The sunshine coast of England. It’s Eastbourne’s claim to fame, along with the fact that some of “Angus, Thongs and Perfect Snogging” was filmed there.

As a child, I thought ‘sunshine coast’ was the most ridiculous thing I had ever heard. Simply put, whoever named it that must have been blind. Truly. I grew up surrounded by muddy puddles in parks, dark skies and wet pavements. I always imagined my childhood as the epitome of not sunny and as if to prove it, the welcome sign on the road into town always had graffiti to cover that particular claim.

A storm brewing.

Of course, it wasn’t just the lack of sun. I also found the claim of ‘coast’ to be impossible before I understood that the coast of a country is just where it touches the sea. It could have been that I was a child. Of course, it also could have been the fact that when I read about the coast, I imagined sandy beaches and climbing on rocks.
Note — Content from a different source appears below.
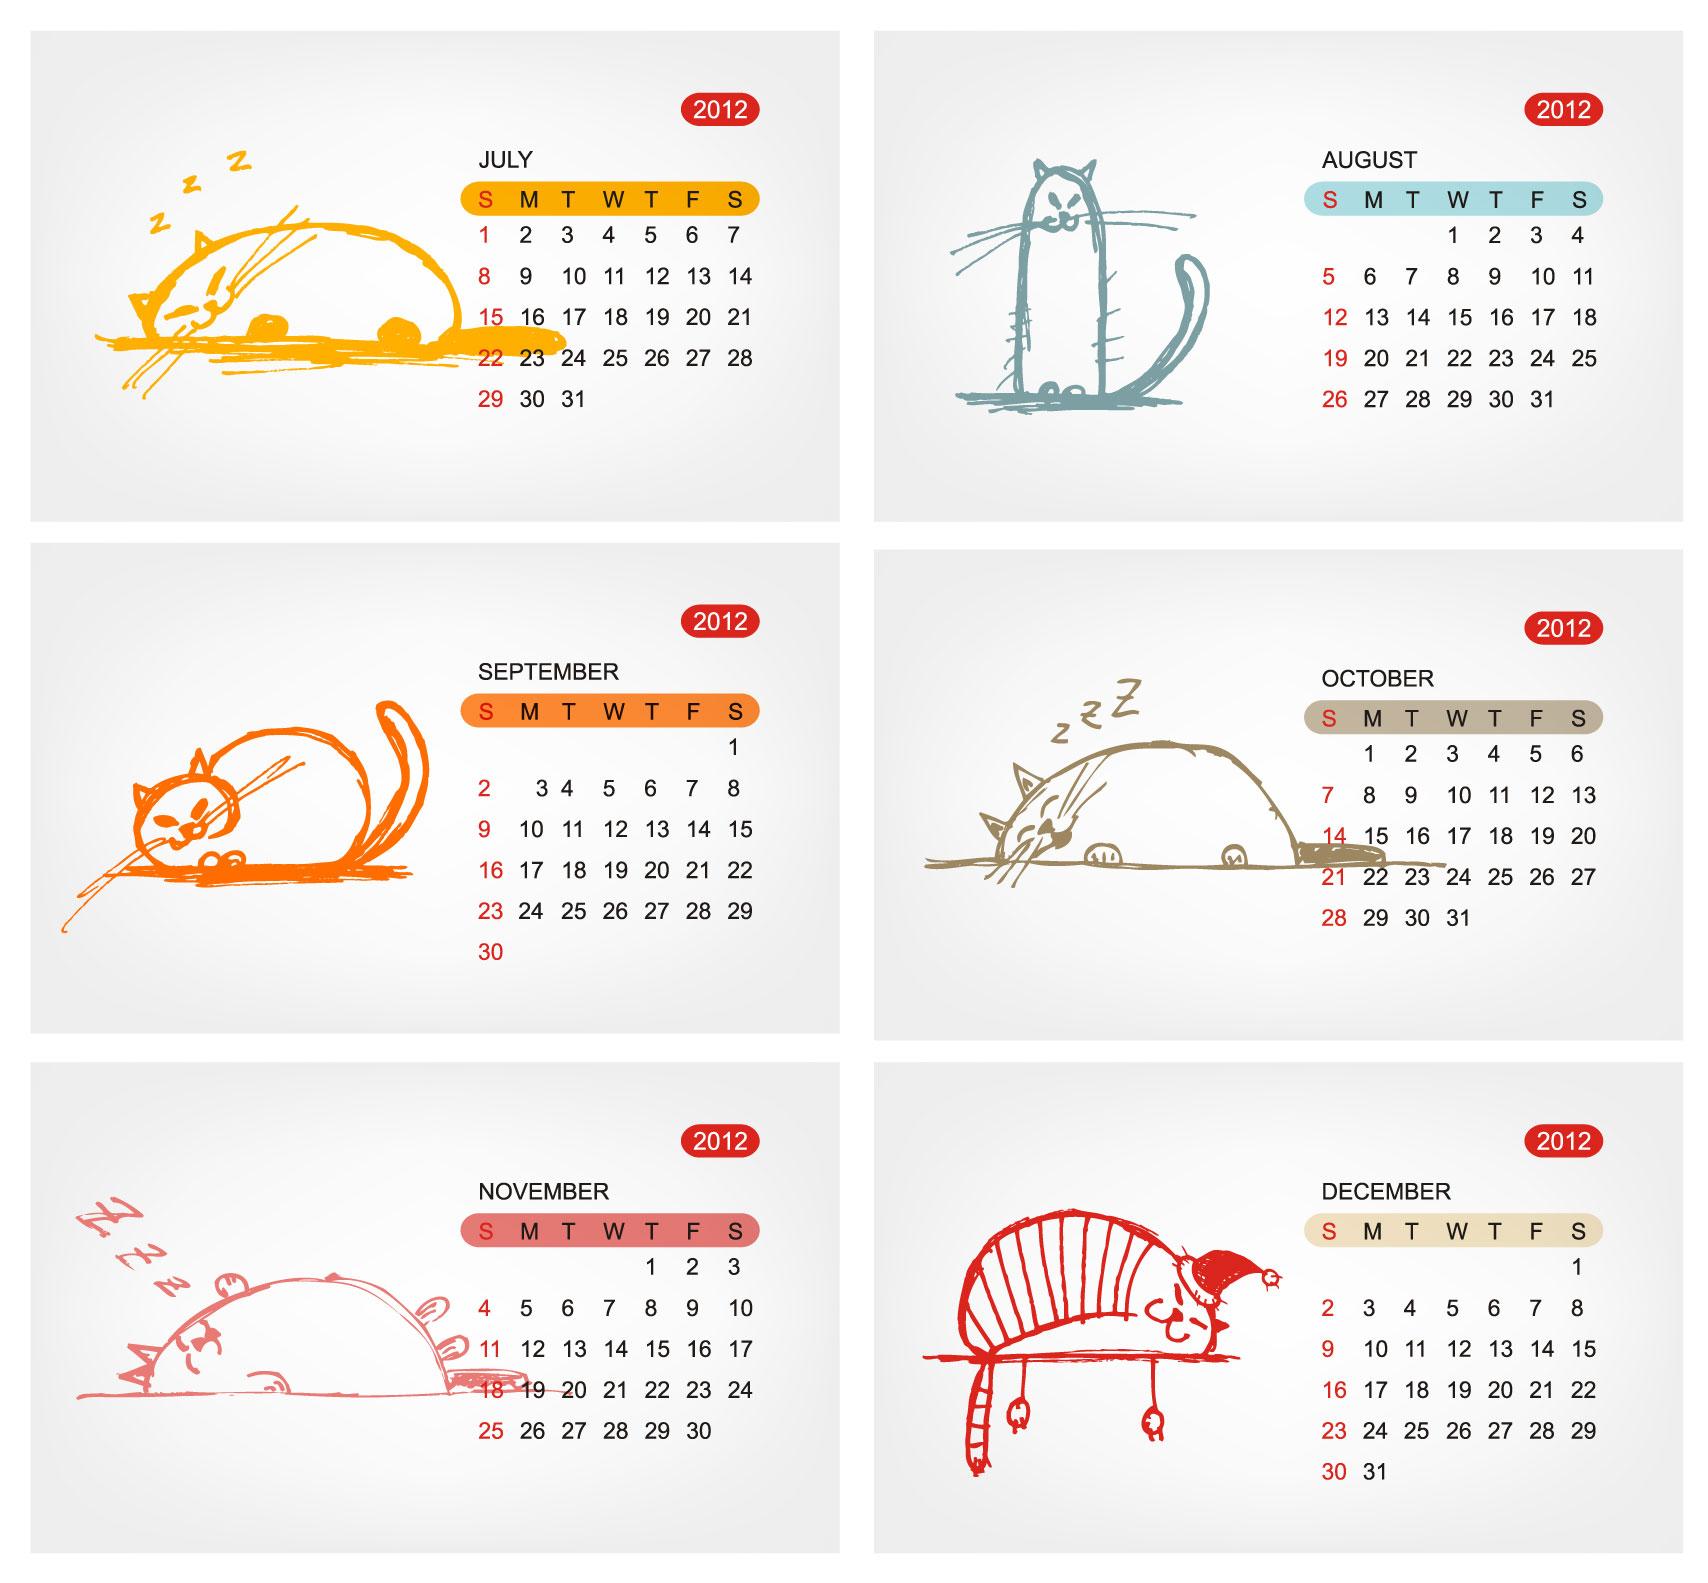 Calendar Illustration Template : Free calendar templates vector images

Our coastline consisted of uncomfortable pebbles, a shaky pier and a sea that was neither warm or clear.

Sometimes the sea feels like it’s breathing.

Since the day I was brought into this world, I had lived in the same three bedroom house on a council estate in Eastbourne. I went to school within shouting distance of that house until I was sixteen and my first job was barely a bus ride away. I was convinced that Eastbourne was the smallest and most boring town in the world.

I’ve travelled since then.

I’ve been to Vegas where the desert sun burnt into my skin and Southern Italy where I passed out from heat stroke. There are beaches all over the world that were so beautiful I have them forever painted on the inside of my mind. Tropical fish have brushed against my leg and I’ve saved jelly fish from rock pools that would have killed them.

I’ve also been home.

Twenty-two years in a house made it feel like home. Twenty-two years in a house made it feel like the building was being stolen from me when my parents didn’t want it. I cried when my mum rang and told me she had found her forever home. She was fifty. I was twenty-two years old and my forever home was the only home I had ever known. Of course, I didn’t yet have enough money to buy the house from them, so it’s gone now. In a strange turn of events, my sister’s new best friend is the person that bought my house, but we didn’t know that until much later. I can’t help but be a little angry at her.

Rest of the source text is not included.